Input -
*** Block opens ***
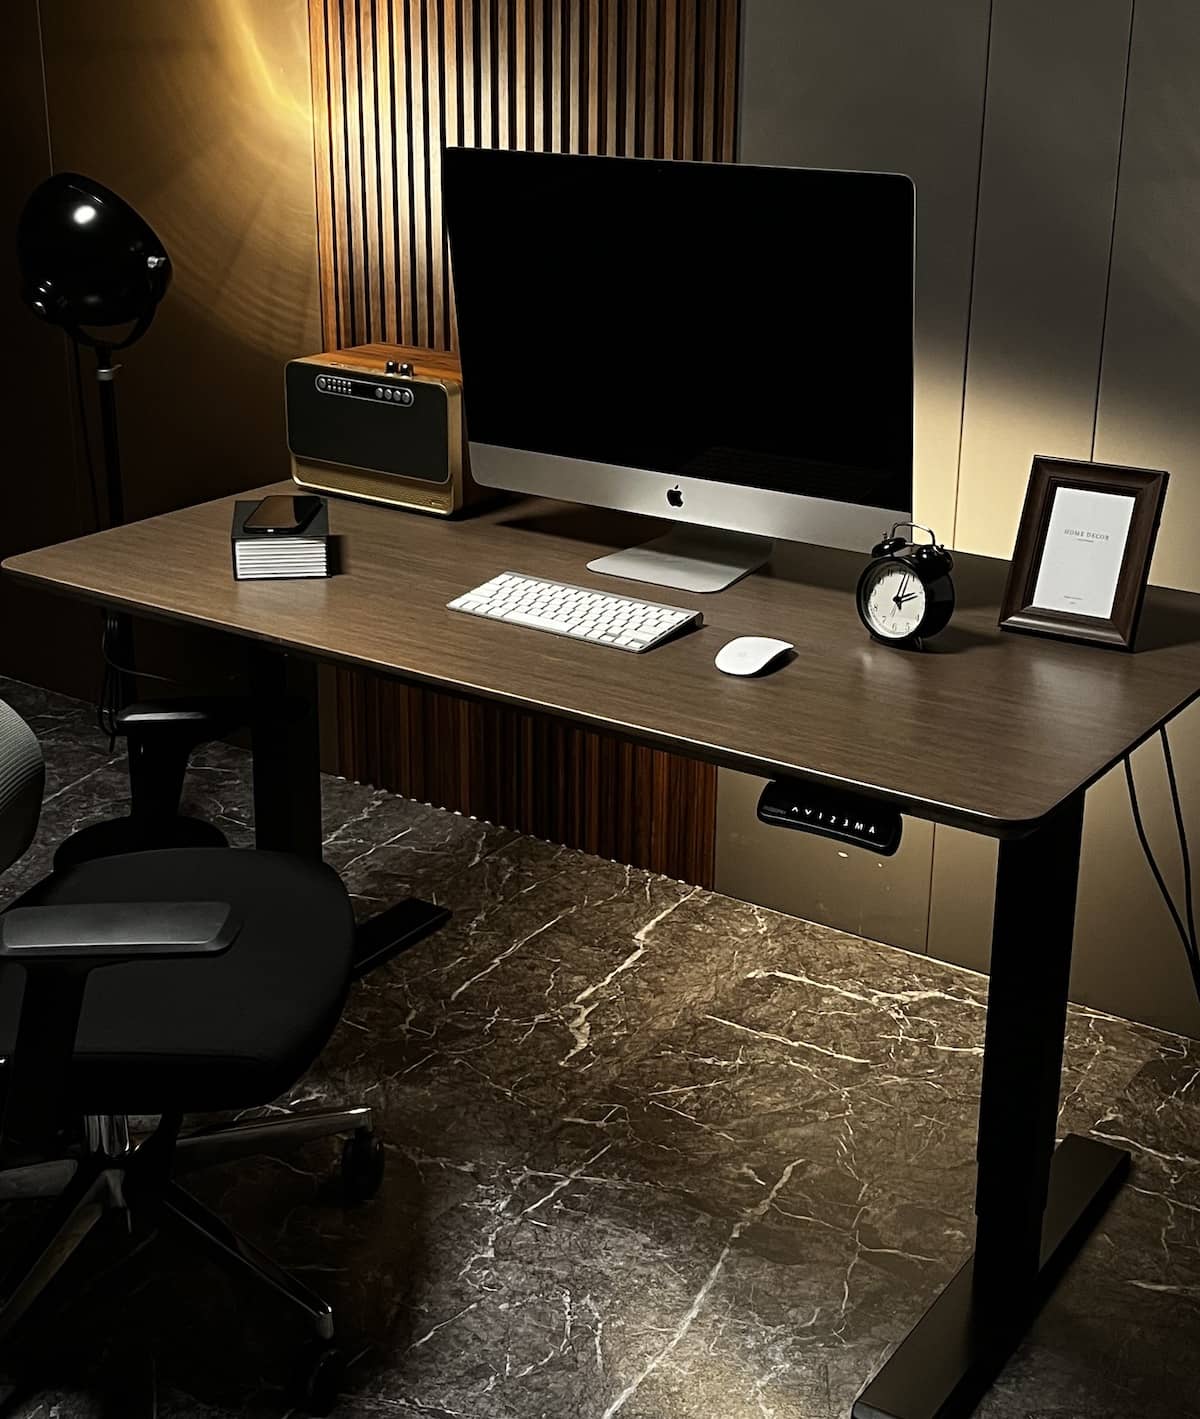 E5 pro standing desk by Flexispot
*** Block closes ***
*** Block opens ***
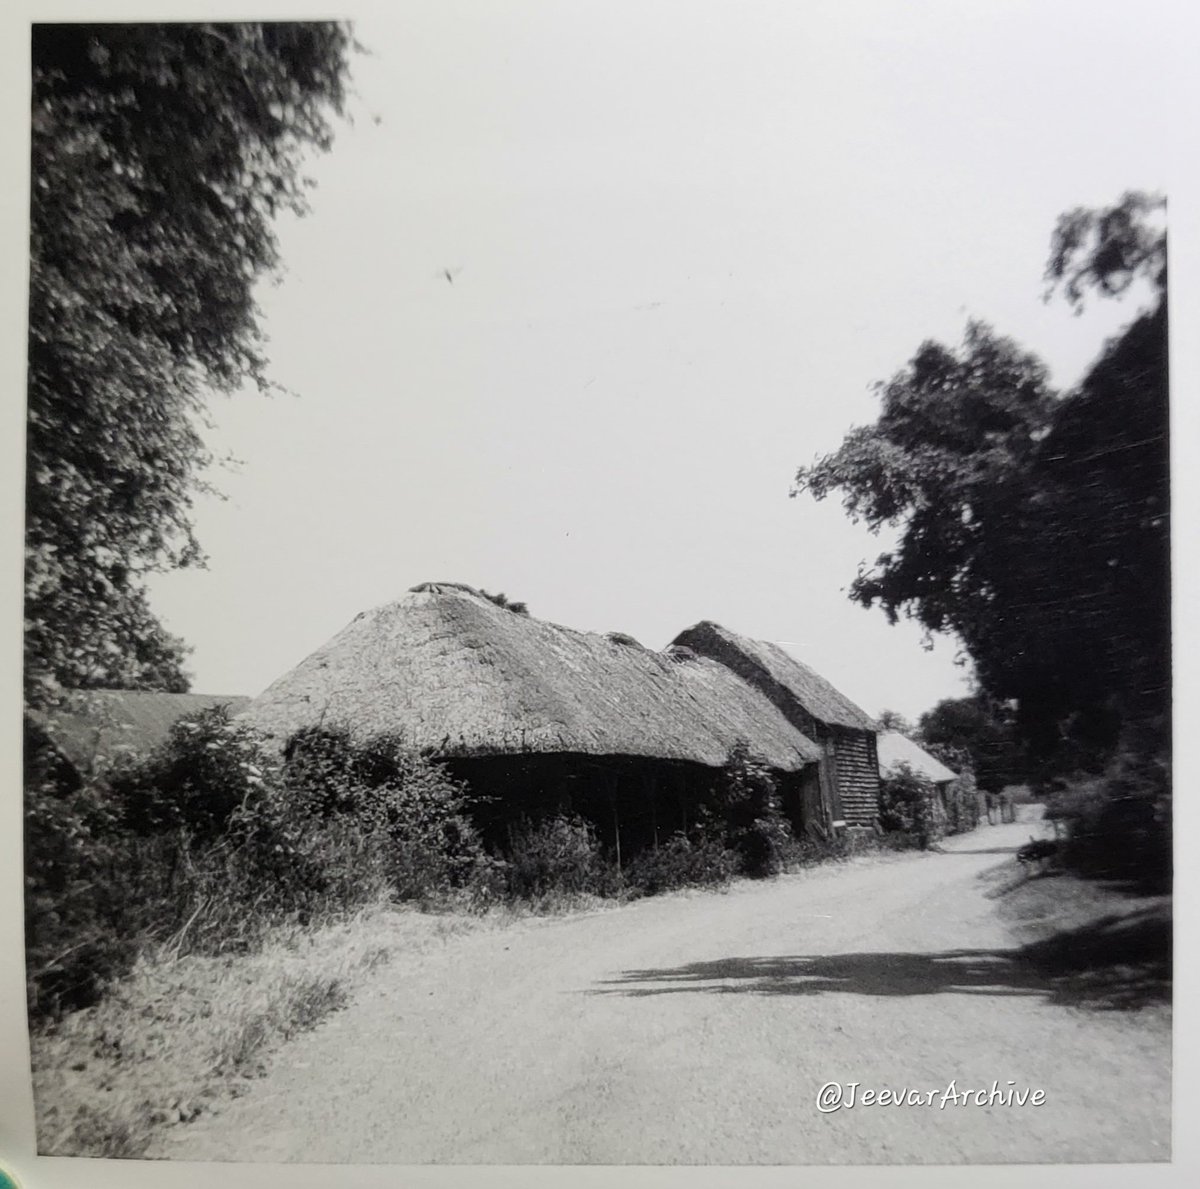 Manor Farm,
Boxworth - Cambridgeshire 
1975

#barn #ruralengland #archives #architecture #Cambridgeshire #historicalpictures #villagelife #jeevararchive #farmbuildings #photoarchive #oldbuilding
*** Block closes ***
Pick out the lines above that hold the string "Cambridgeshire" and show them.

Boxworth - Cambridgeshire 
#barn #ruralengland #archives #architecture #Cambridgeshire #historicalpictures #villagelife #jeevararchive #farmbuildings #photoarchive #oldbuilding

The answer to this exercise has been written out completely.